Five minutes after we got off the plane, DCA passengers were called to the front of the immigration line, as we needed to get moving toward our plane. So much for “no problem.” With immigration through, I proceeded to the pre-Customs luggage pickup — and waited. 4:15 came and went with no luck, but at 4:29, one minute before my self-imposed deadline to cut and run for the 4:45 plane, my bag appeared (first passenger to check in, first bag to be stuffed into the plane, last bag to come off it, I guess). With a fast pass through Customs and the TSA, I ran for gate C17 as my name echoed through the Terminal C paging system. At 4:35, I collapsed into seat 9A on AA 4585, an Embraer Regional Jet (note to American Eagle: contoured seat backs with side bolsters on those narrow seats are extremely painful to customers who are not 5’9”/150) from RDU to Ronald Reagan Washington National Airport.
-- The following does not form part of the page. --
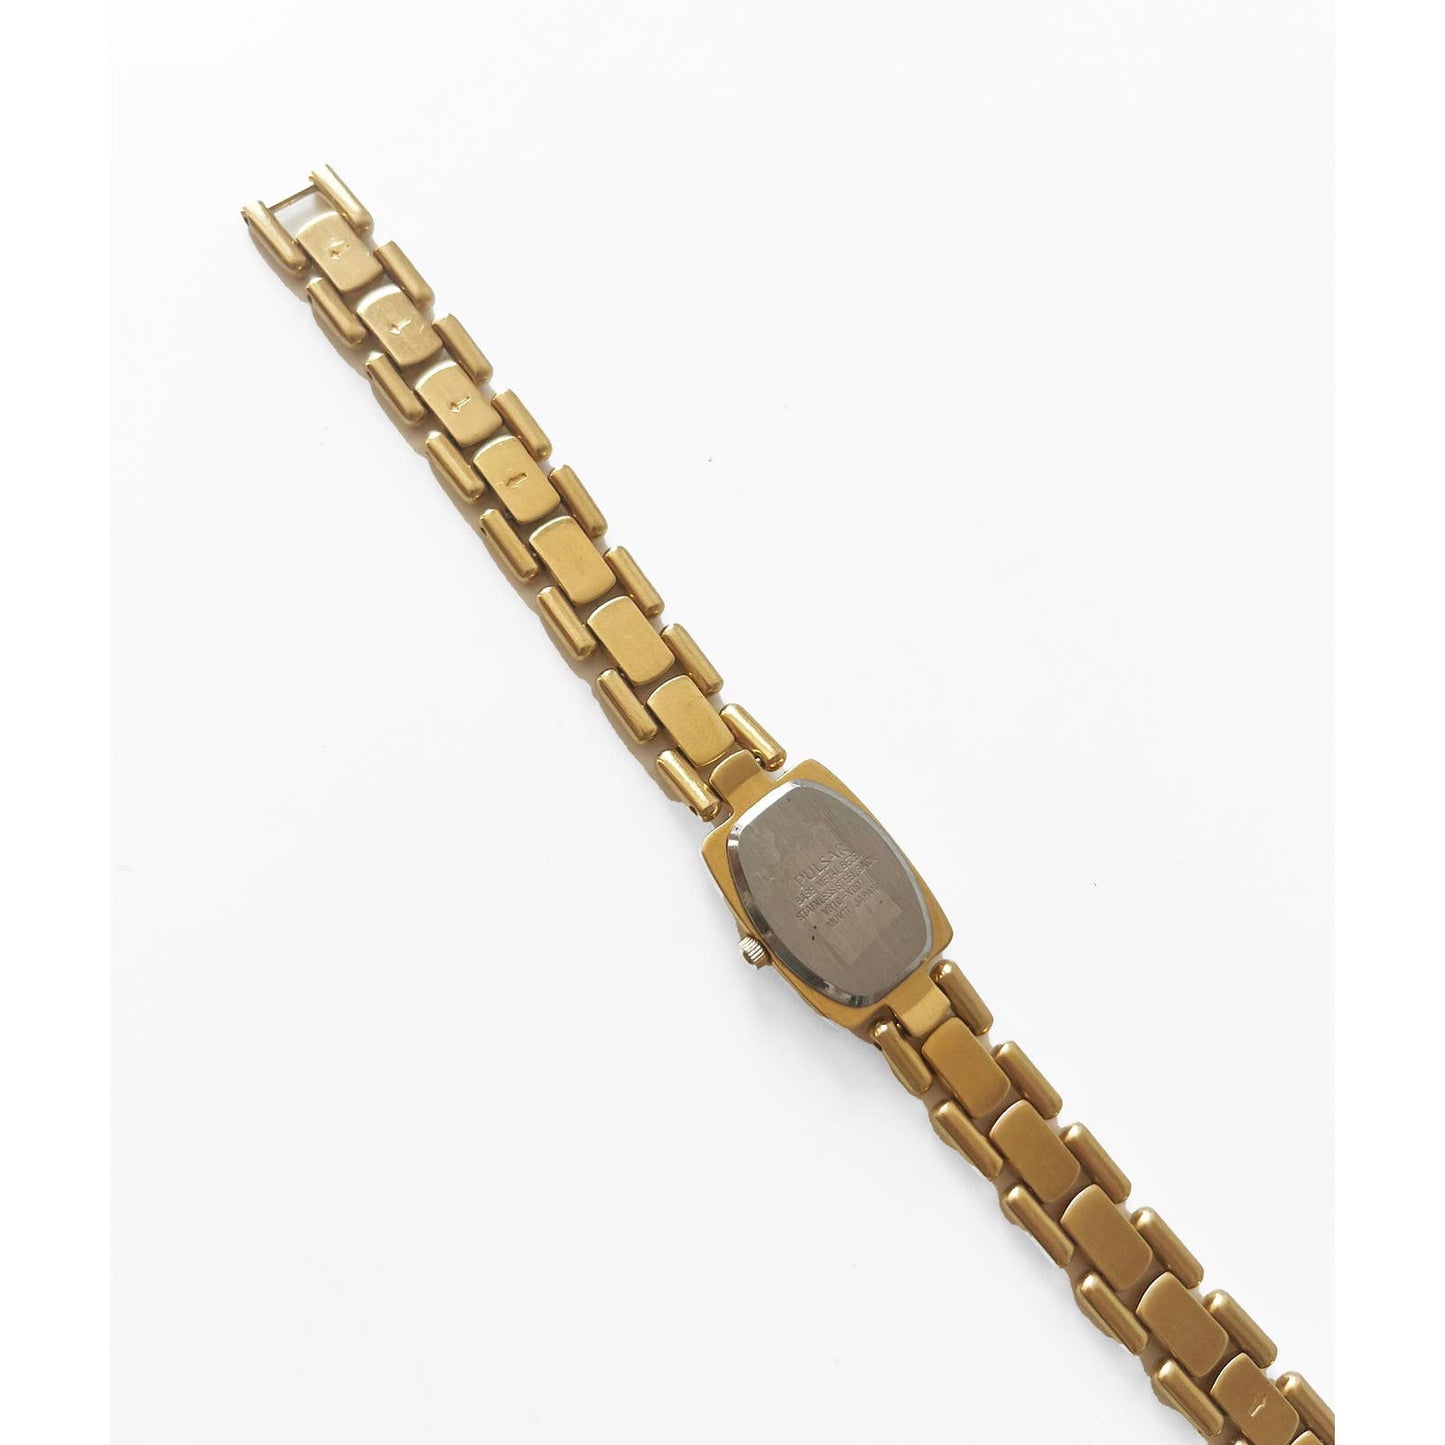 Vintage 90s Small Gold Watch with Rectangular Face | Pulsari
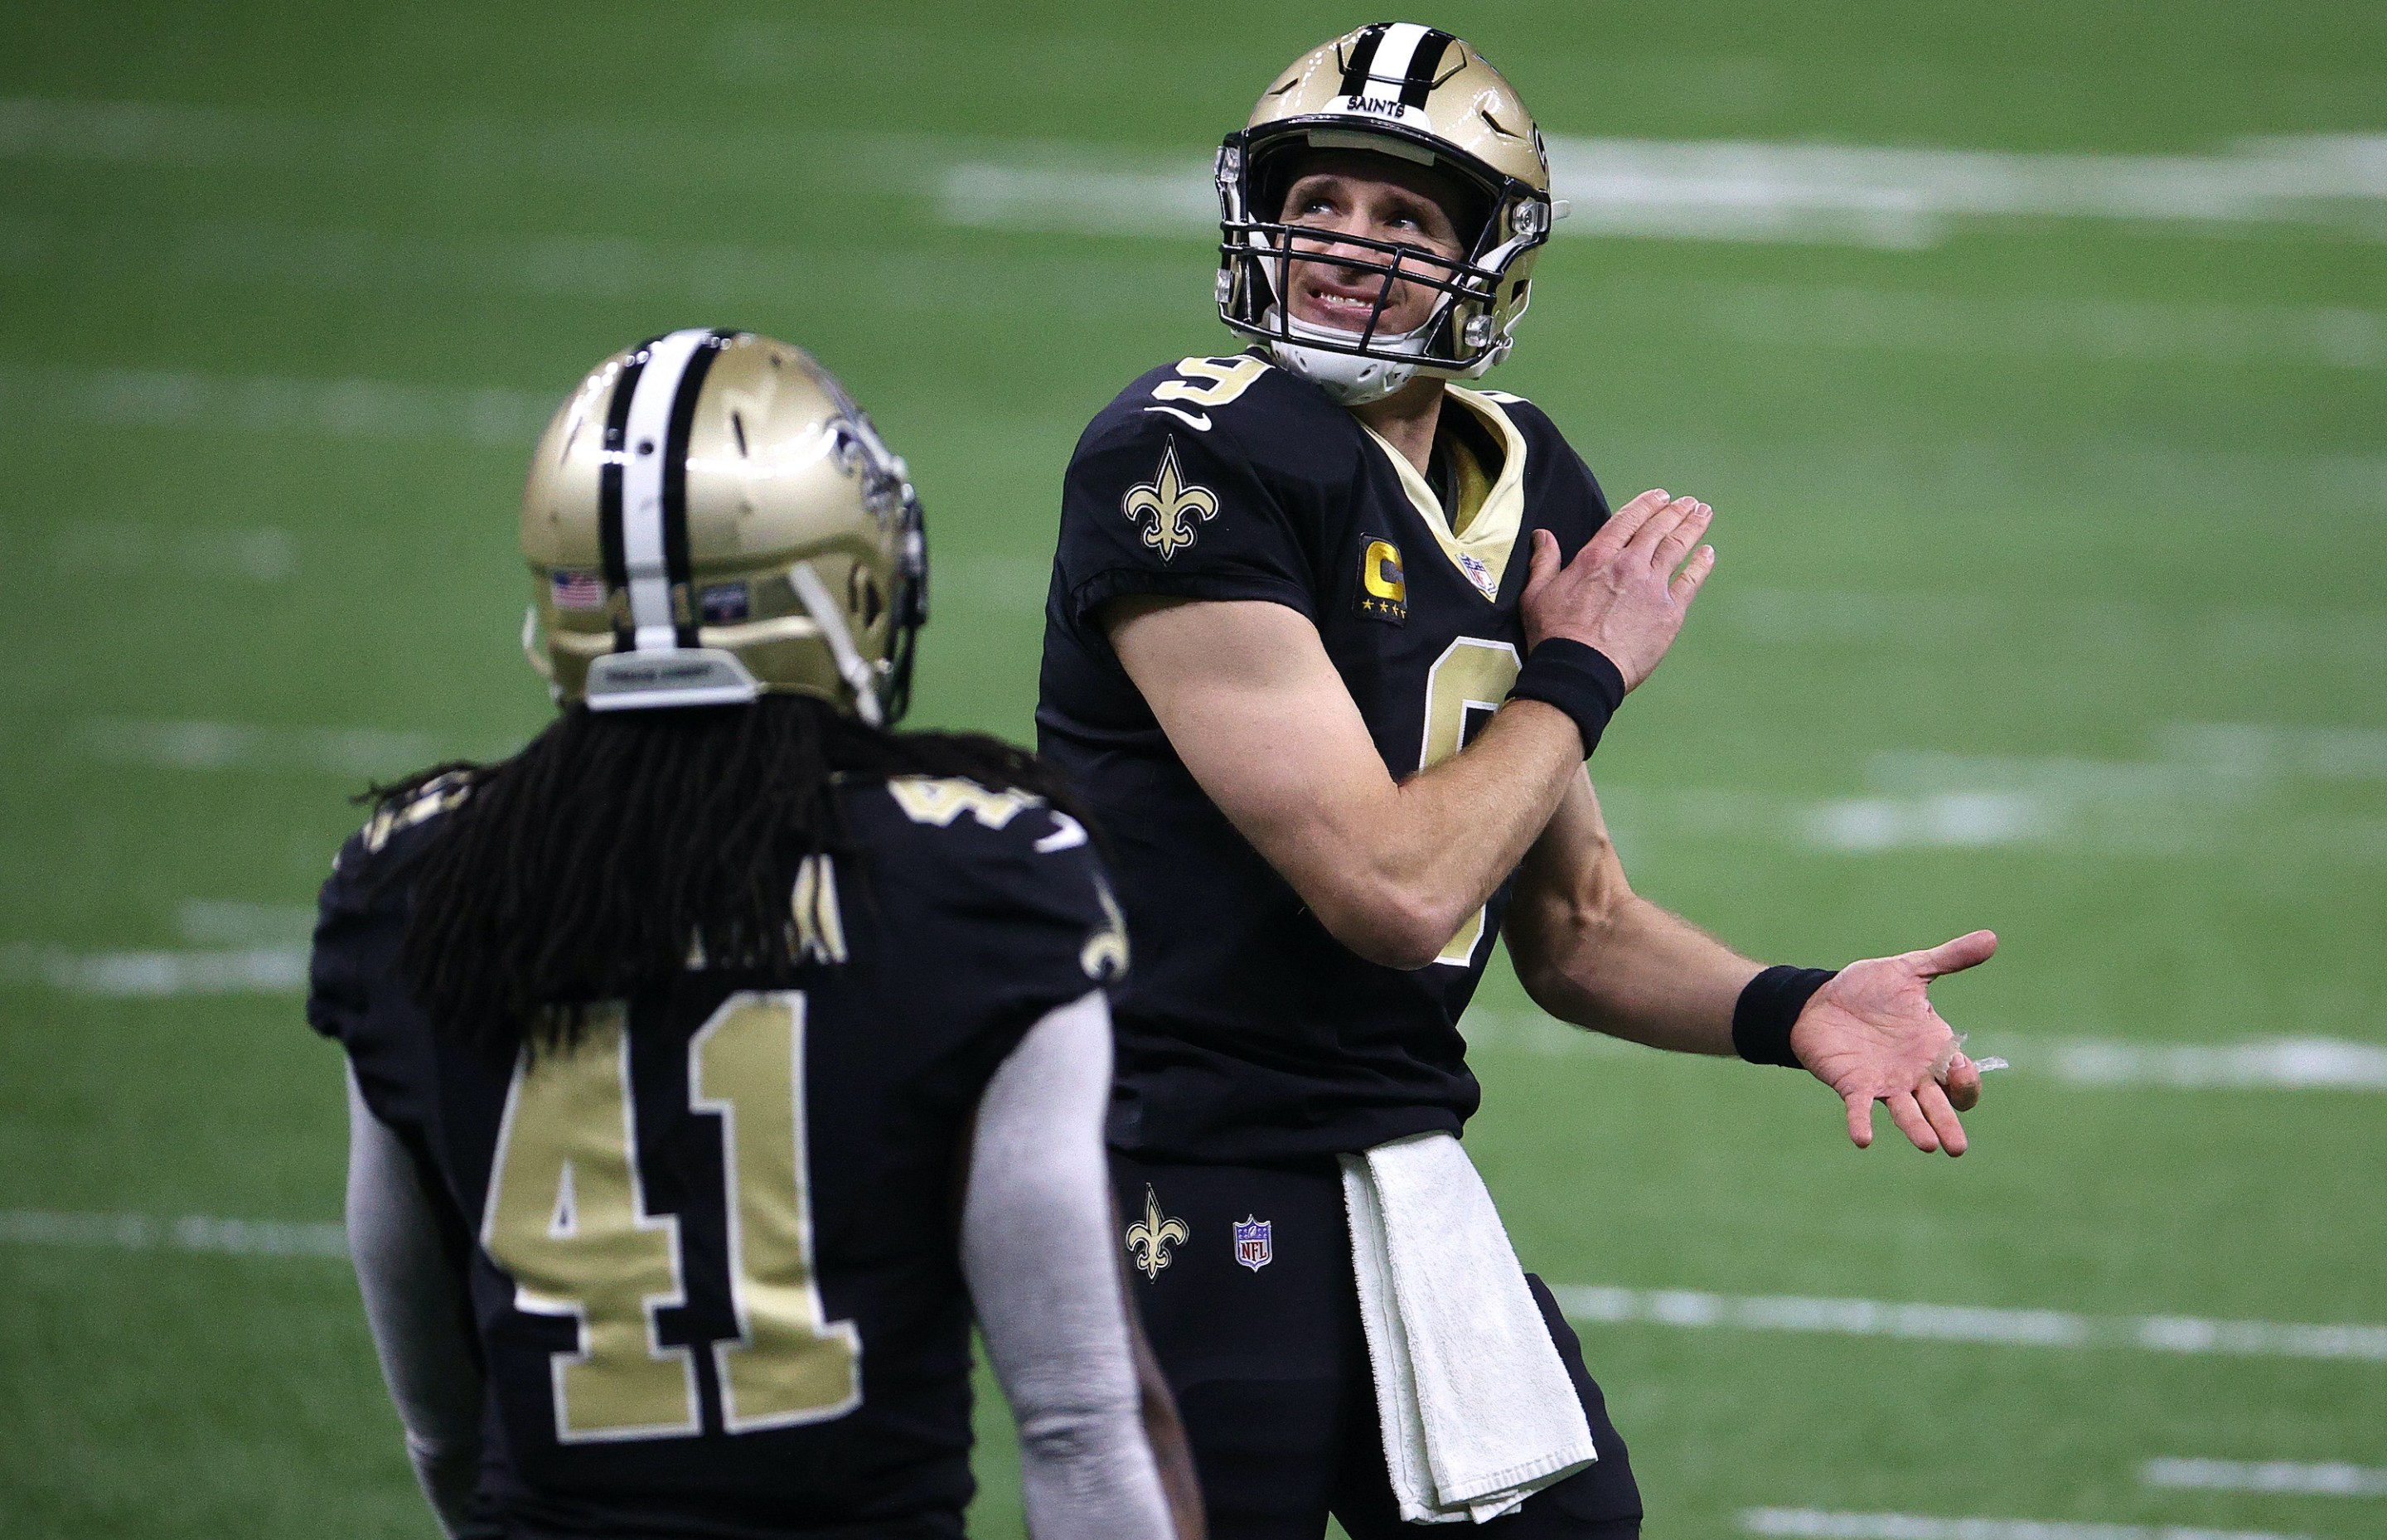 Drew Brees #9 of the New Orleans Saints reacts to a play against the Tampa Bay Buccaneers during the first quarter in the NFC Divisional Playoff game at Mercedes Benz Superdome on January 17, 2021 in New Orleans, Louisiana.

Conveniently, that flight overflew Richmond (through the clear sky, I could look out my window and see the highway interchange behind which my apartment is located) before releasing us at DCA just before 6 PM. With that landing, connection 6 of 9 was down; I treated my very confused stomach to California Pizza Kitchen before hopping number 7, the Metro two stops down to King Street, and walking through the tunnel to Alexandria’s Amtrak station next door.
The end was in sight now, so I located a Mountain Dew to keep myself awake on the train, made a couple of calls to let people know I was back in the States, and restlessly wandered between the indoors wooden benches (almost church-pew style) and the trackside concrete pad. Amtrak 87, a train that originated in New York and probably dumped most of its passengers at Washington’s Union Station, arrived only 10 minutes late at 7:25 and offered by far the most comfortable seats of the day — especially since the last two cars of the train were virtually empty. I broke out the iPod, lifted the armrest to spread out across two seats, and fiddled with the iBook a while before getting frustrated with the window-side AC outlets that were too loose to hold the “wall-wart” style adapter in the outlet. We were back to Staples Mill by 9:25; the sketchiest taxi of my entire vacation brought me back to Short Pump by 9:45, where I had just enough energy to lock up, turn the cable modem and wireless router back on, turn the heat back up, and let the iBook download almost a week’s worth of e-mail (since the previous Tuesday night at the Burlington) before my eyes fell shut. The prospect of going to work the next morning was not encouraging.
OK, this got a lot longer than I thought. I suppose a 29-hour day should be expected to be pretty long, though. Parting thoughts and scoreboard will appear sometime soon — hope you’ve enjoyed the trip!